The Nassir clasped the insides of his wrists together, as if cuffed, and lifted them in front of me. “If Omar is not arrested,” he said, with an air of finality, “there will be no solution.”   I nodded.  He was right.  I was impressed by the Nassir’s knowledge of the charges levelled against his president at the International Criminal Court. Many of the refugees I spoke to knew as well.

Last Monday afternoon, I was standing bargaining for jerrycans of diesel in Jamam market when someone’s mobile phone started ringing. The ring tone was a news report, in English, from the BBC World Service from the day the indictment against Omar al-Bashir was first announced, in 2008. The phone’s owner offered me a toothy grin when he saw me spin around.

Eight years ago in Darfur, I’d headed off into the bush in a knackered Landcruiser towards a town called Mouhajariyah, where the rebel army held sway. We had to cross the front line, which in the event, proved rather less dramatic than it sounds, although I remember feeling anxious.   When we got to Mouhajariyah, we happened across an outpost of Medicins Sans Frontieres, treating war wounded and injured civilians and children with malaria (watch report below).

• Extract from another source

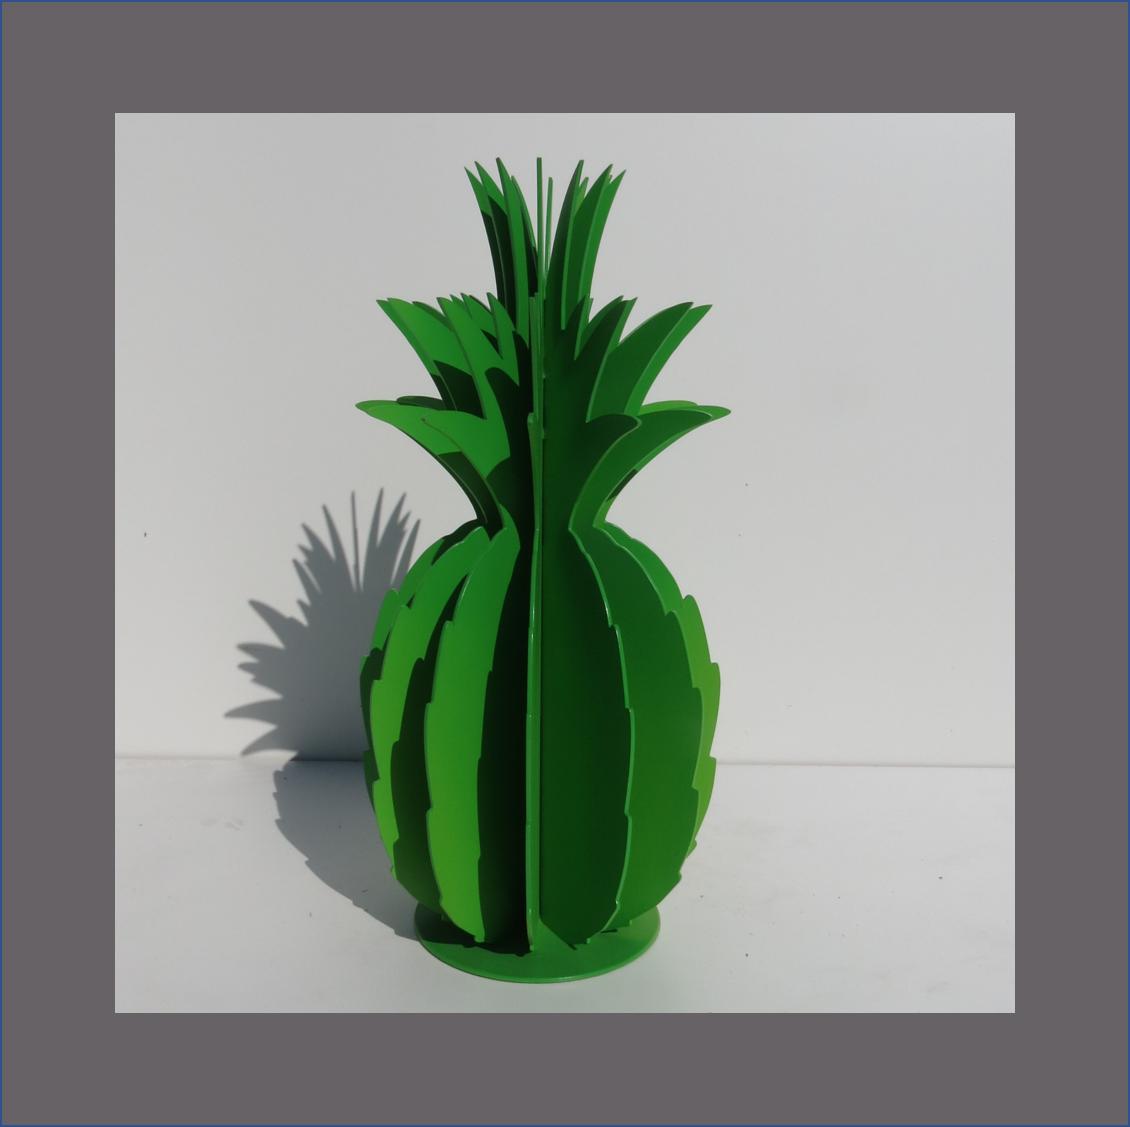 pineapple-3d

Last week, in South Sudan, on the remote border with Blue Nile state, I sat and talked to Matt Arnold, MSF Holland’s hydro-geologist, who’s patiently drilling for water up there, although it seems there’s not much to be found.

Turned out Matt had been in Mouhajariyah too, all those years ago, although we hadn’t bumped into each other back then, even though we’d been there at the same time. Others on the staff at MSF Jamam had been in Darfur too.  Some had had years of experience in eastern Congo, Liberia or Sierra Leone. It struck me that they too must often get crushed by a cyclical sense of déjà vu.

This group of humanitarian relief workers were an inspiring bunch; I hadn’t realised how many people it took to make it possible for a handful of doctors and surgeons and nurses to work in a place like Jamam, but over several days there, I met most of the 43 staff based there. Faced with the looming spectre of a health disaster in that grim refugee camp, they are battling overwhelming odds.

If any of them were struck by a feeling of powerlessness emanating from that sense of déjà vu that haunted me, it was not at all apparent.  They just keep on doing what they do, clearing up the humanitarian detritus left in the wake of Omar’s crimes against humanity, giving bruised and battered, grieving, hungry and exhausted people dignity and bandages and tablets, hugs and smiles and soap and plastic sheets and biscuits. And then each night, they collapse into their tents, right in the middle of Jamam’s malarial swamp, only to get up and do it all again, the next day.  Sometimes they even have to put up with visiting journalists as well.

I’ve been sitting writing for too long now. I’ll soon be flying over Lindsey Hilsum down there in the Libya.  How’s it going, Lindsey?  Déjà vu?